Consider we have a data package:
{
"name": "foreign-keys",
"resources": [
{
"name": "teams",
"data": [
["id", "name", "city"],
["1", "Arsenal", "London"],
["2", "Real", "Madrid"],
["3", "Bayern", "Munich"]
],
"schema": {
"fields": [
{
"name": "id",
"type": "integer"
},
{
"name": "name",
"type": "string"
},
{
"name": "city",
"type": "string"
}
],
"foreignKeys": [
{
"fields": "city",
"reference": {
"resource": "cities",
"fields": "name"
}
}
]
}
},
{
"name": "cities",
"data": [
["name", "country"],
["London", "England"],
["Madrid", "Spain"]
]
}
]
}Let's check relations for a teams resource:
Package dp = new Package(DESCRIPTOR, Paths.get(""), true);
Resource teams = dp.getResource("teams");
DataPackageValidationException dpe
= Assertions.assertThrows(DataPackageValidationException.class, () -> teams.checkRelations(dp));
Assertions.assertEquals("Error reading data with relations: Foreign key validation failed: [city] -> [name]: 'Munich' not found in resource 'cities'.", dpe.getMessage());As we could see, we can read the Datapackage, but if we call teams.checkRelations(dp), there is a foreign key violation.
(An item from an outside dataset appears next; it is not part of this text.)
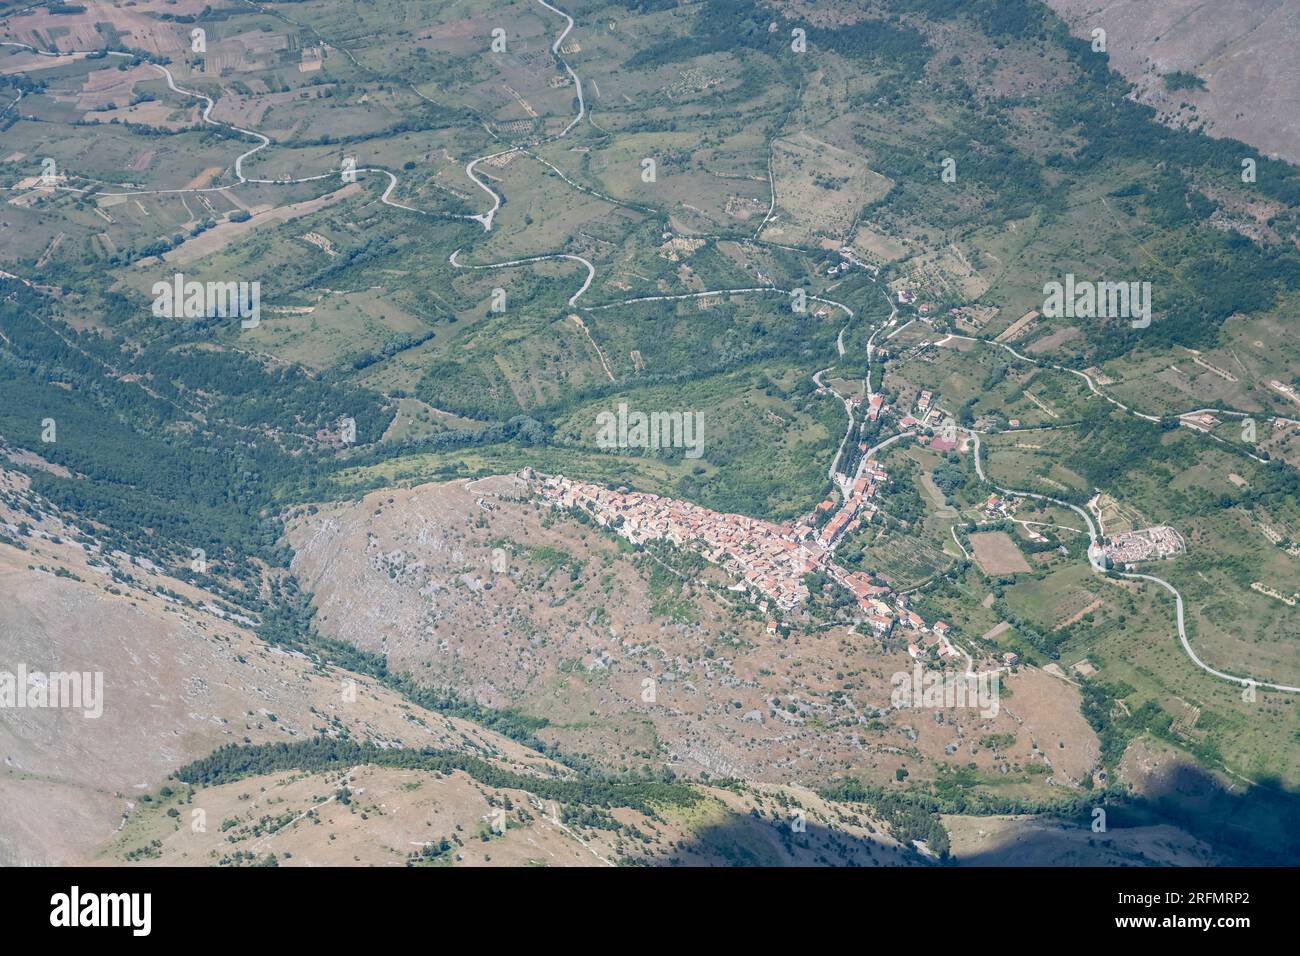 Paesaggio aereo, da un aliante, con villaggio di montagna nella verde valle, girato da sud-ovest in una luminosa luce estiva a Ortona de Marsi, Apennin Foto Stock

That's because our lookup table cities doesn't have a city of Munich but we have a team from there. We need to fix it in cities resource:
{
"name": "cities",
"data": [
["name", "country"],
["London", "England"],
["Madrid", "Spain"],
["Munich", "Germany"]
]
}Now, calling teams.checkRelations(dp) will no longer throw an exception.